Falsehoods Software Developers Believe About Event-Driven Systems · Blog

When building a distributed system, a common design pattern is to follow the event-driven approach. Event-driven systems can range from a simple in-memory queue to a serverless AWS Lambda with a preceding queue, or even connected Kafka clusters. when reviewing code implementing an even driven architecture, I see common mistakes that cause toil or even operational incidents once deployed to production.

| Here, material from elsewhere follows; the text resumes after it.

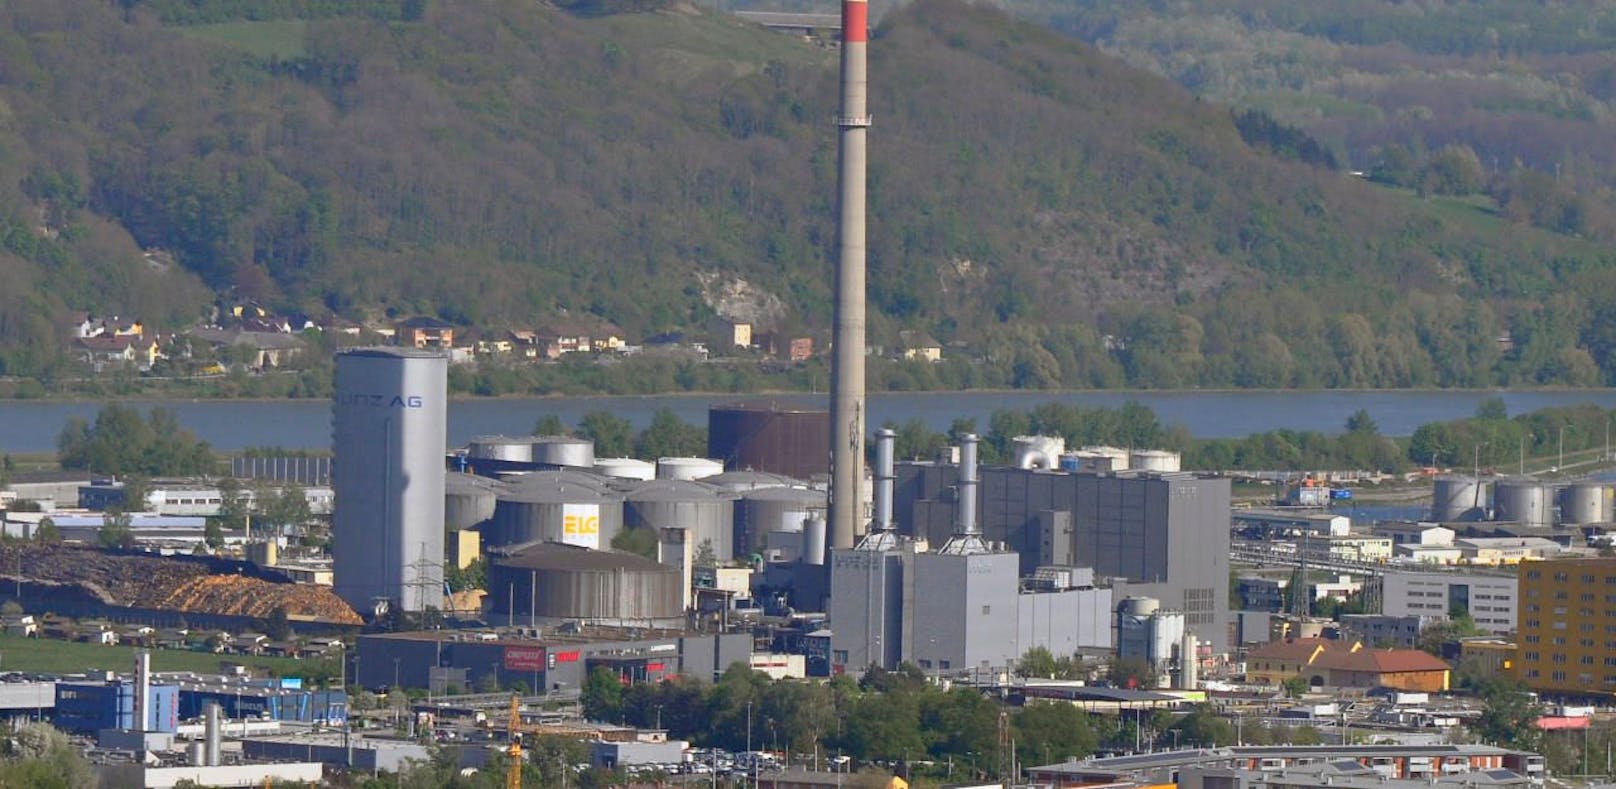 Im Chemiepark Linz traten am Mittwochmorgen 1.500 Liter Salpetersäure aus. 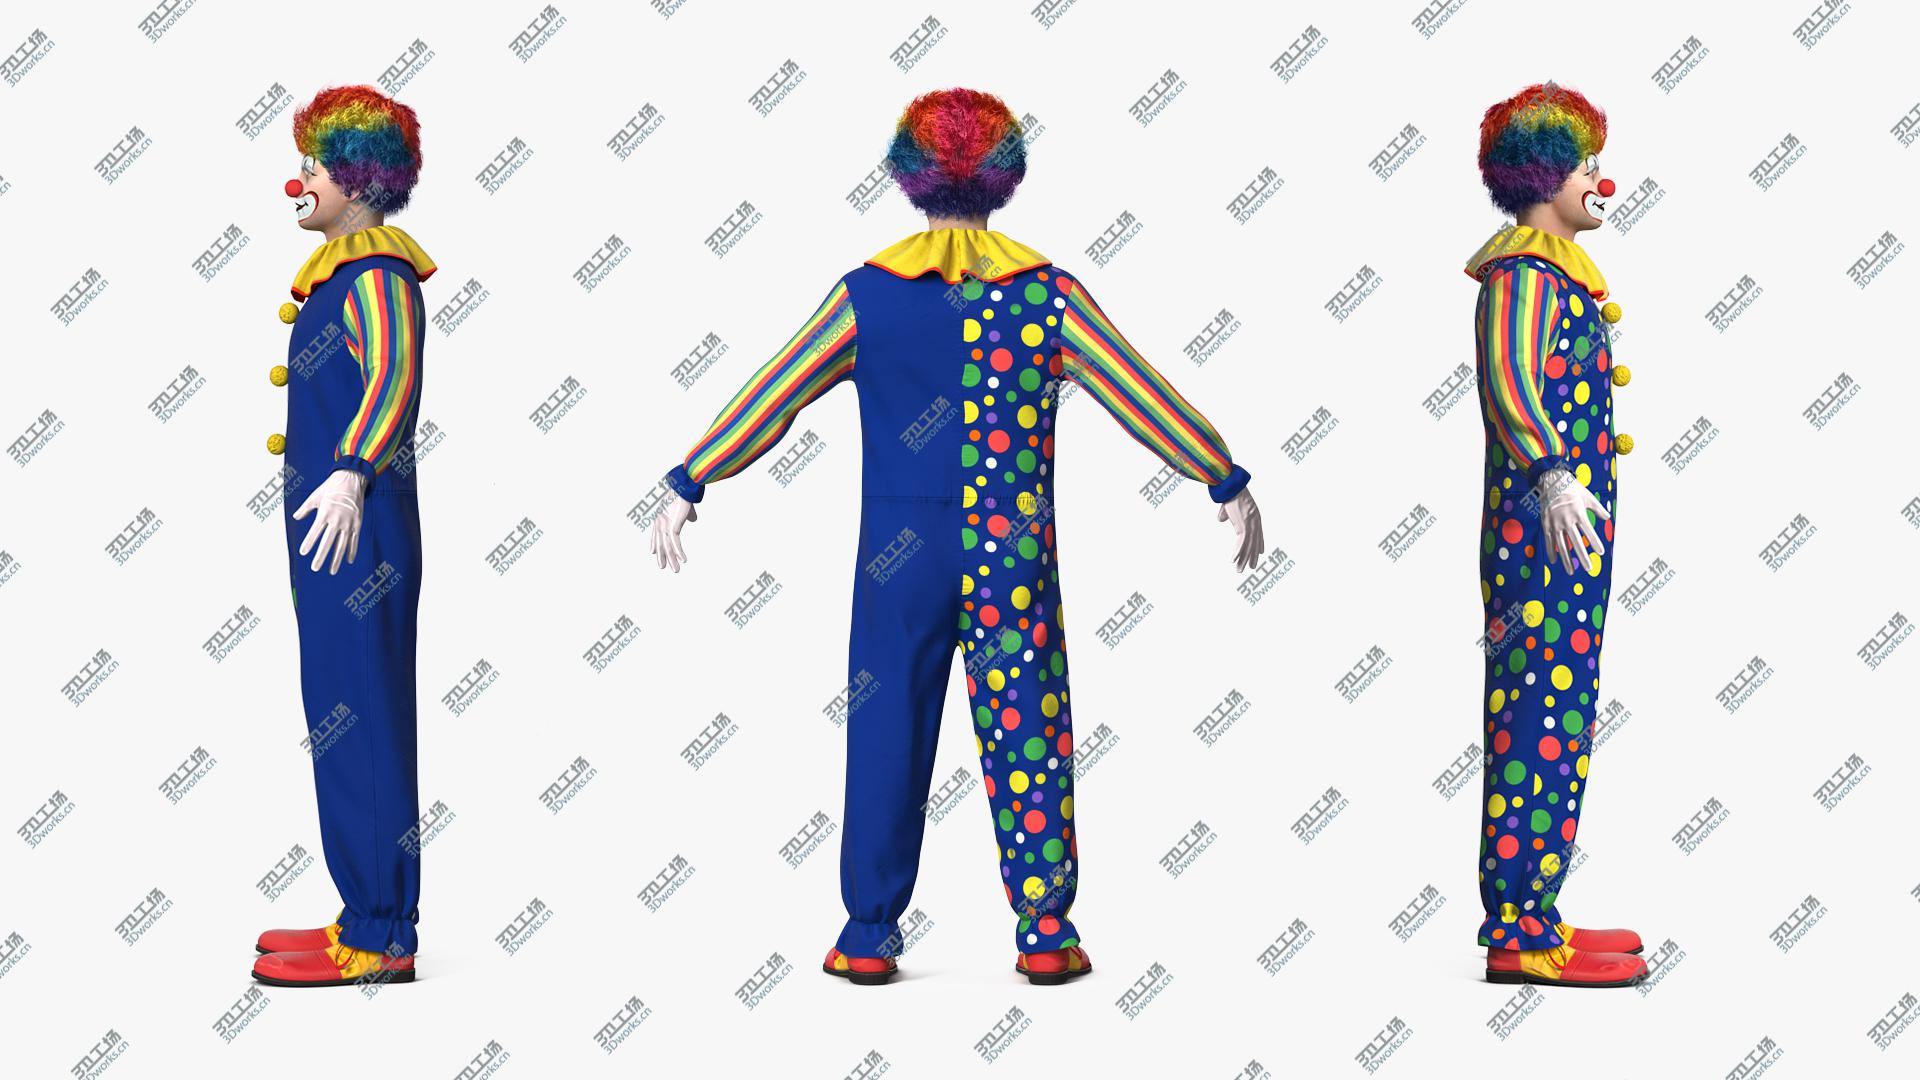 images/goods_img/202104093/3D model Funny Clown Costume Fur/1.jpg

Here are unordered misconceptions developers have about event-driven architectures. Use this as a checklist for design and code review.

Message ordering

Events will arrive in order
Events will arrive in order, even with a single consumer
Events will arrive in order, even if specified by the producer contract
Events will arrive in order, even with days between messages
Events can always be ordered

Message duplication

Events won't be duplicated
Events won't be duplicated, in at-most-once delivery queues
Events won't be duplicated, even if specified by producer contract
Events won't be duplicated, even with de-duplication upon arrival

Idempotency

Adding an idempotency key ensures idempotency
Equal idempotency keys mean identical payloads
Event timestamp is a valid idempotency key
Writing idempotent code is easy
Maintain and improve idempotent code is easy
Idempotency can be solved via adding a distributed lock and an idempotency key

Load management

Low TPS systems are not subject to backlog
Low TPS systems are not subject throttling
Processing timeout of XX seconds is sufficient
Processing timeout of XX minutes is sufficient
Processing timeout of XX hours is sufficient
Upstream dependencies' timeouts are properly configured
Retry policy is properly configured
Event processing time is constant and performance will remain consistent under load

Producer contract

Event producer can be trusted to always produce valid events
Event producer can be trusted to generally produce valid events
Event producer can be trusted to produce non-conflicting events
Event producer can be trusted to not overload the consumer
Event producer can be trusted to send message on time
Event producer can be trusted to never fail
Event producer can be trusted to rarely fail
Event producer can be trusted, even if it is an internal process

Consumer contract

Event consumer is simple enough to never fail
Event consumer does not need a scaling strategy
Event consumer downstream dependencies support idempotent calls
Events will never be dropped

Dead letter queues

Dead letter queues are not necessary
Dead letter queue is properly configured
Only a handful events will end up in the dead letter queue
Even if there are many events in the DLQ, there are only a few representative error categories
At least it will be easy to sort out the different error categories

Recovery

System does not need manual recovery
Manual recovery won't require modifying events
Manual recovery won't require the producer to regenerate messages
Manual recovery won't coincide with another system failure
Manual recovery will be completed within minutes
Manual recovery will be completed within hours
Manual recovery will be completed within days
Pending manual recovery, events can simply stay in the queue

Architecture

Orchestrated architectures are better and simpler
Choreographed architectures are better and simpler
Unbounded queues are better than bounded queues
Event-driven architecture are simpler to reason about

[list to be updated]